## Task instructions
Please repeat, exactly and without pictures, the lines of the entries below that run from the one containing "warm blueberry muffins ready to eat" through the one containing "From FERRUCCI Pyramids".

## Source data
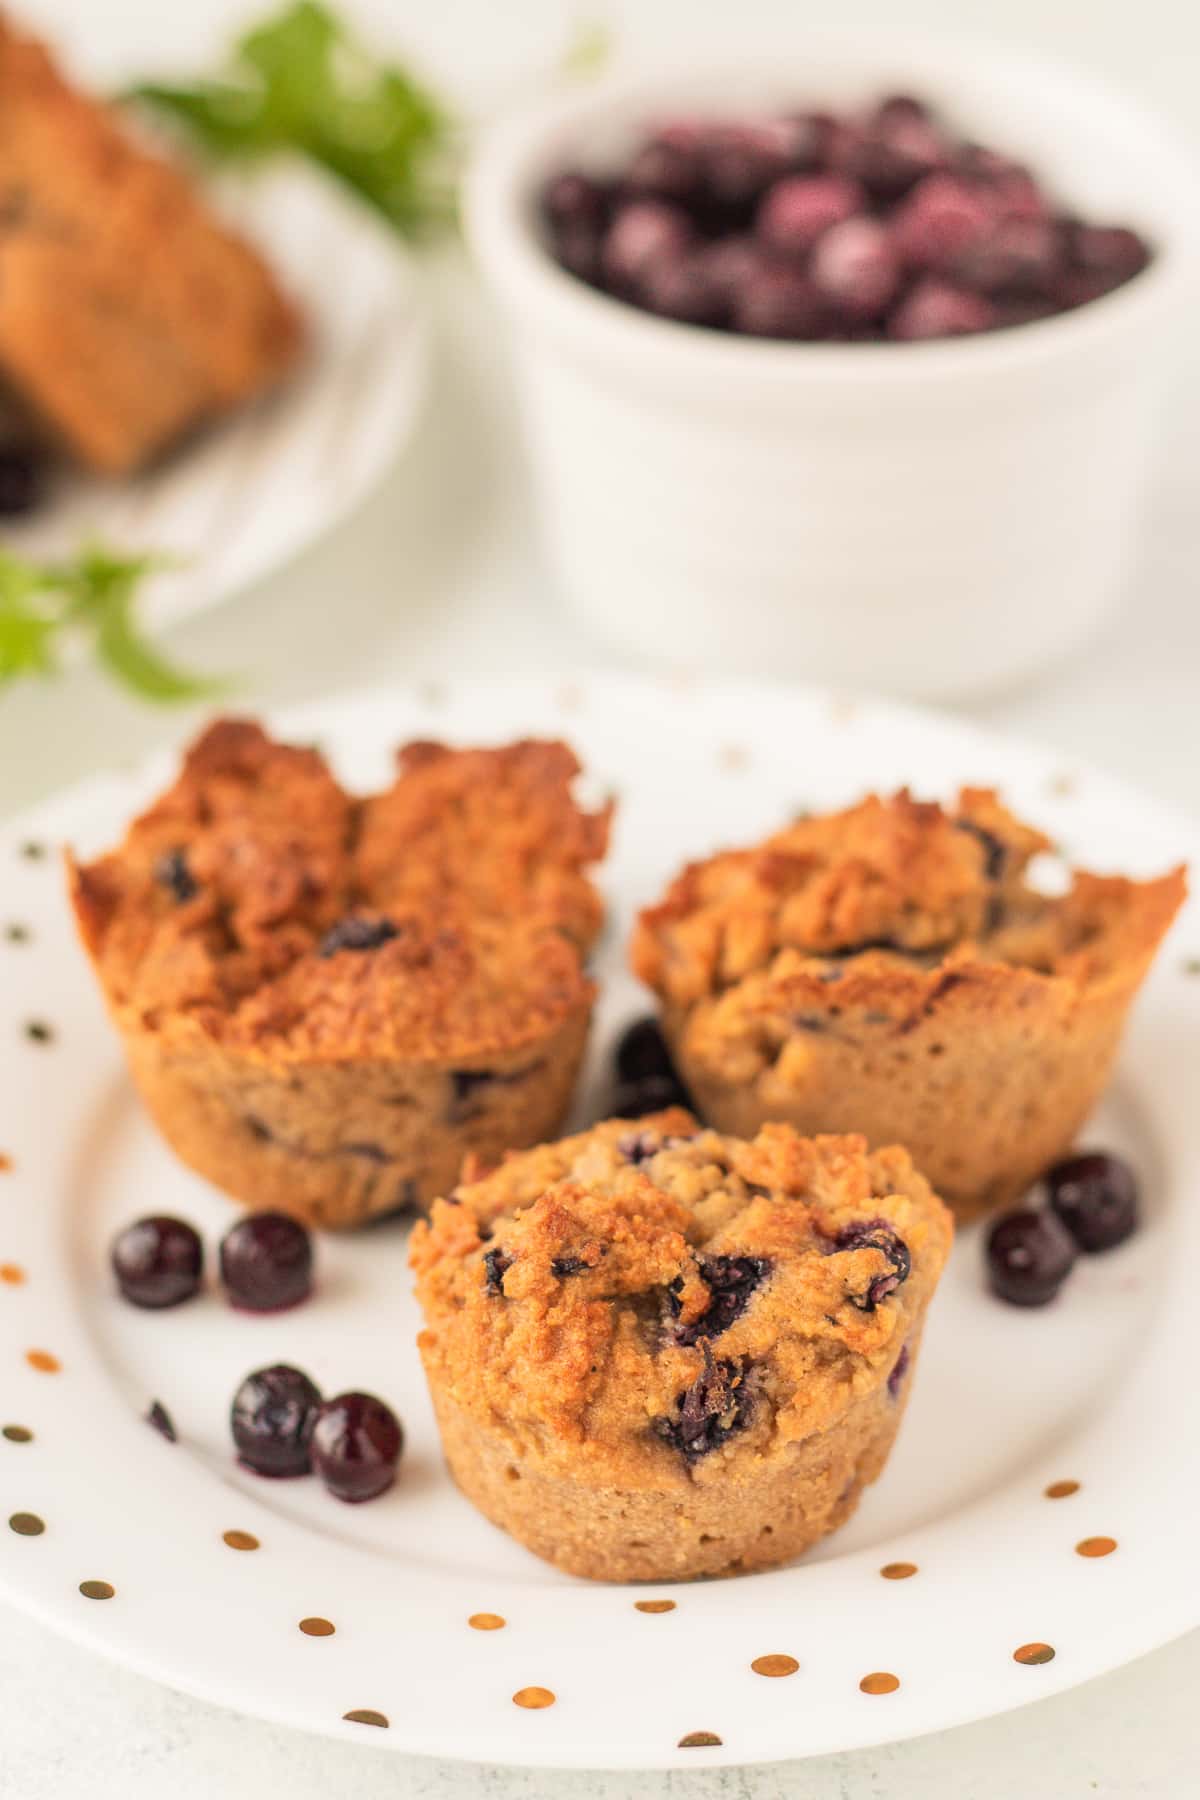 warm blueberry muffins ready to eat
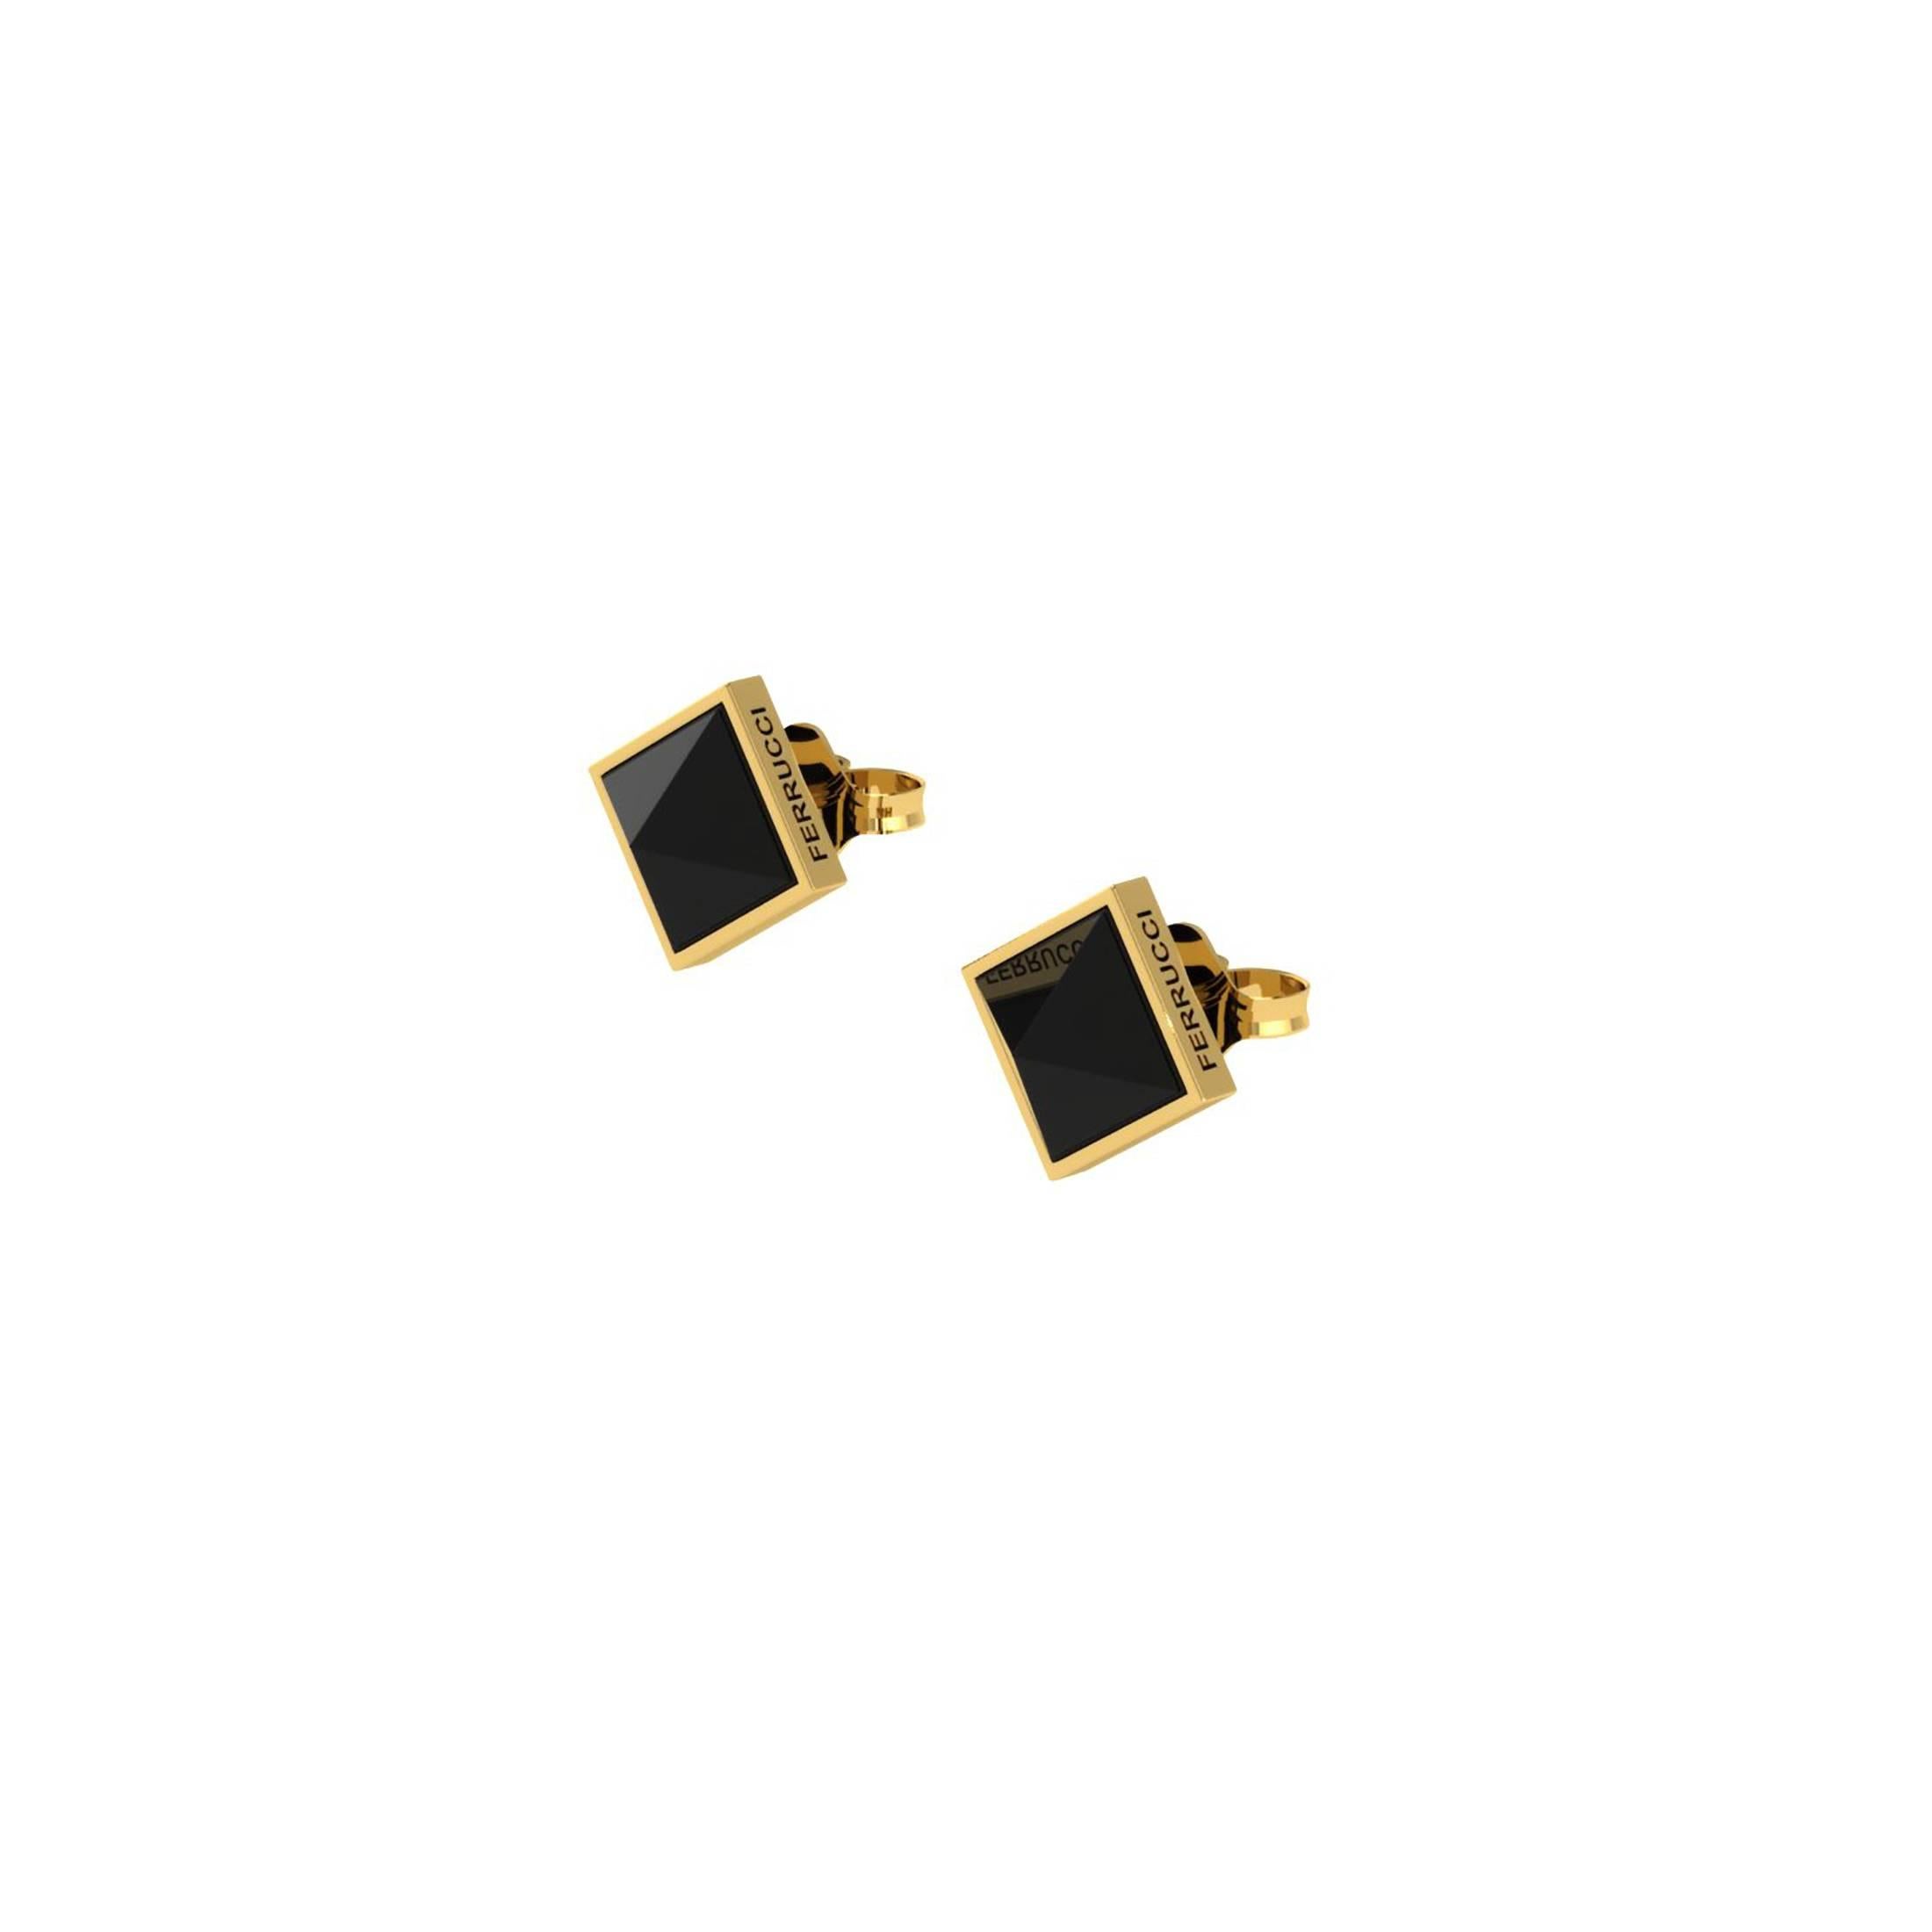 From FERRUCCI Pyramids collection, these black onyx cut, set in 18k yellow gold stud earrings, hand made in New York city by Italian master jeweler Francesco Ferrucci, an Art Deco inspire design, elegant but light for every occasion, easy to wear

--

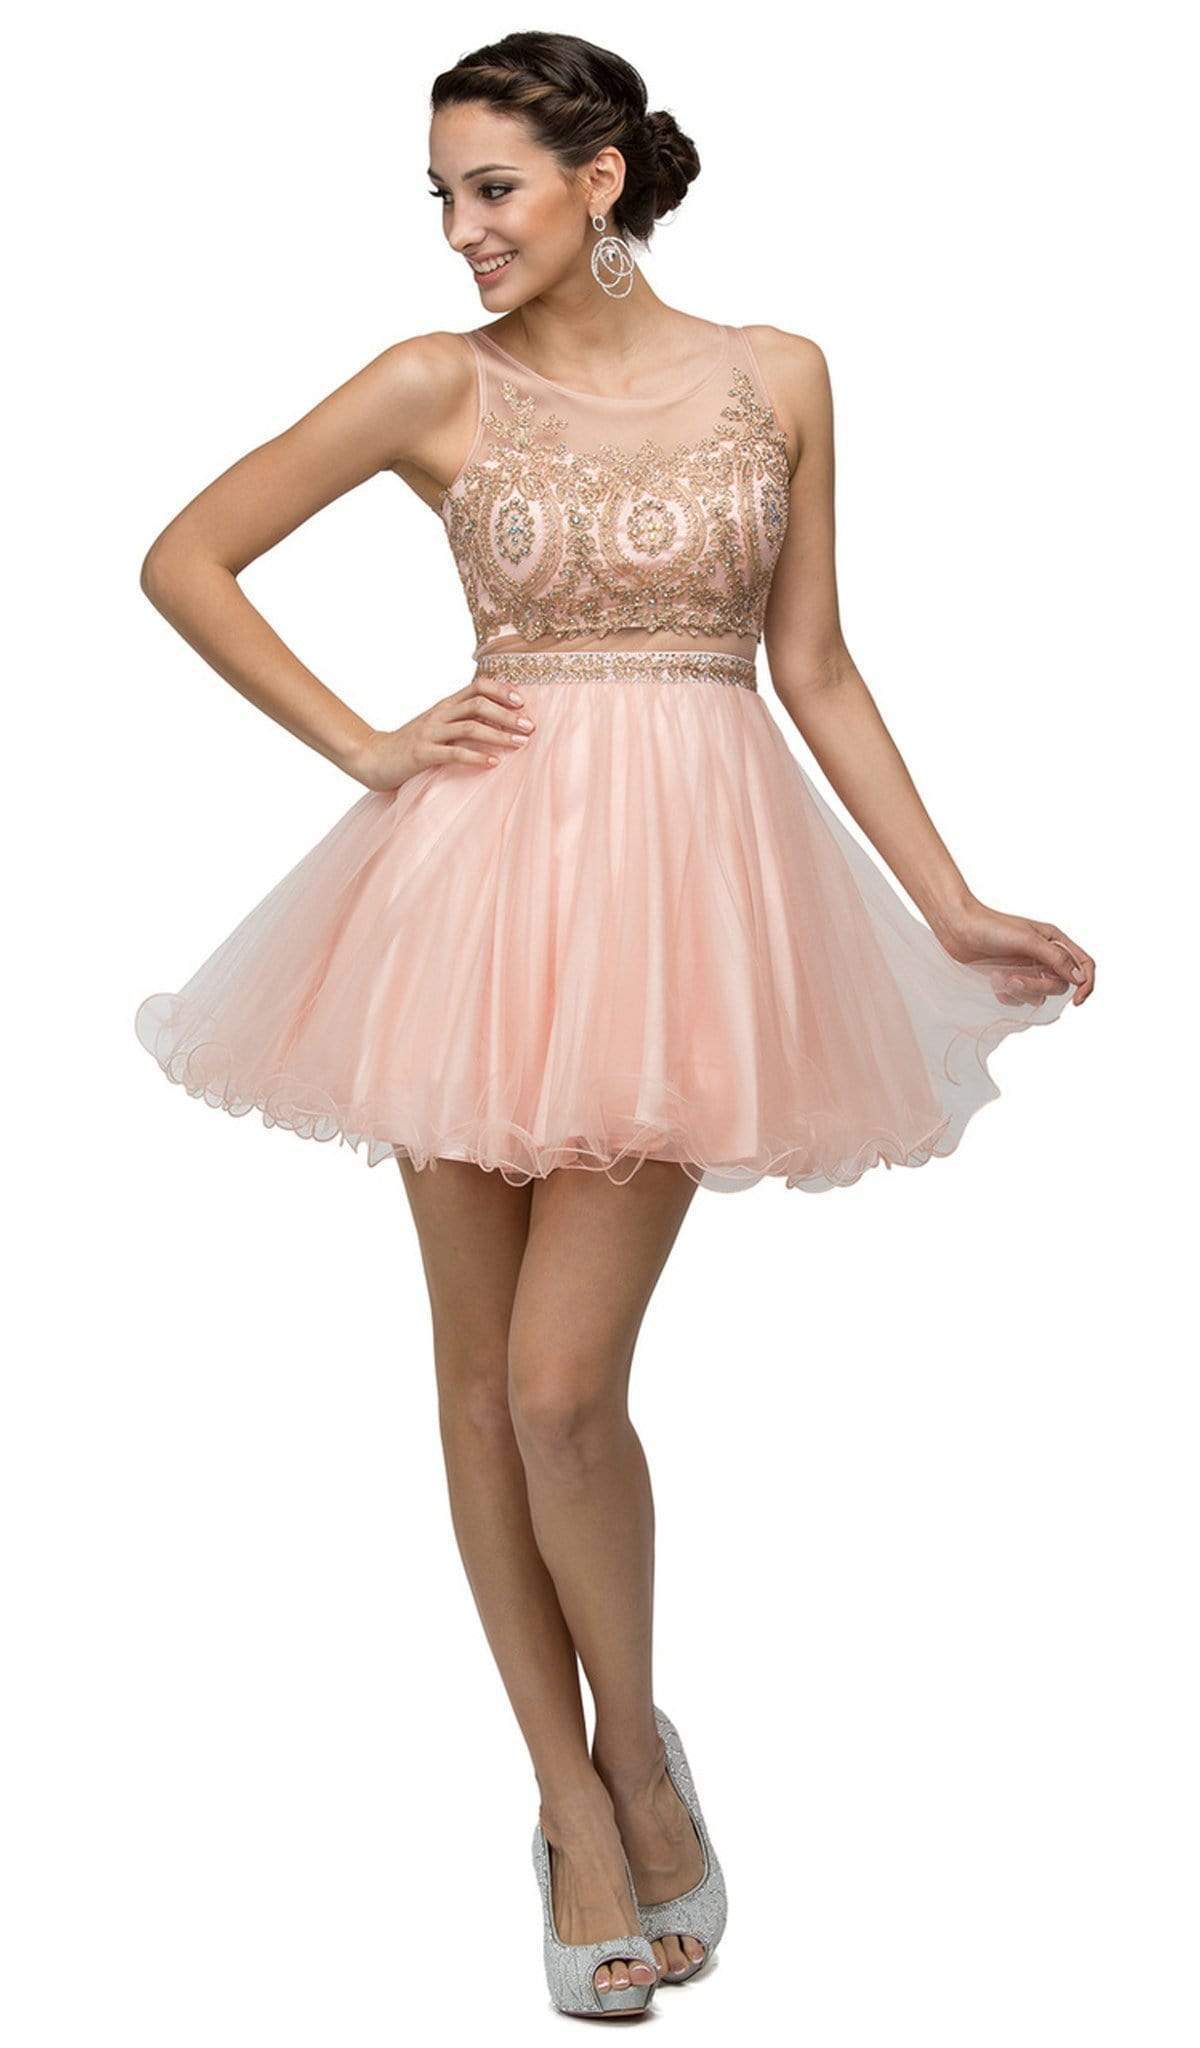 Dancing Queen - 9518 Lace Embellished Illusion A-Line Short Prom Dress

## Solution for this problem
 warm blueberry muffins ready to eat
 From FERRUCCI Pyramids collection, these black onyx cut, set in 18k yellow gold stud earrings, hand made in New York city by Italian master jeweler Francesco Ferrucci, an Art Deco inspire design, elegant but light for every occasion, easy to wear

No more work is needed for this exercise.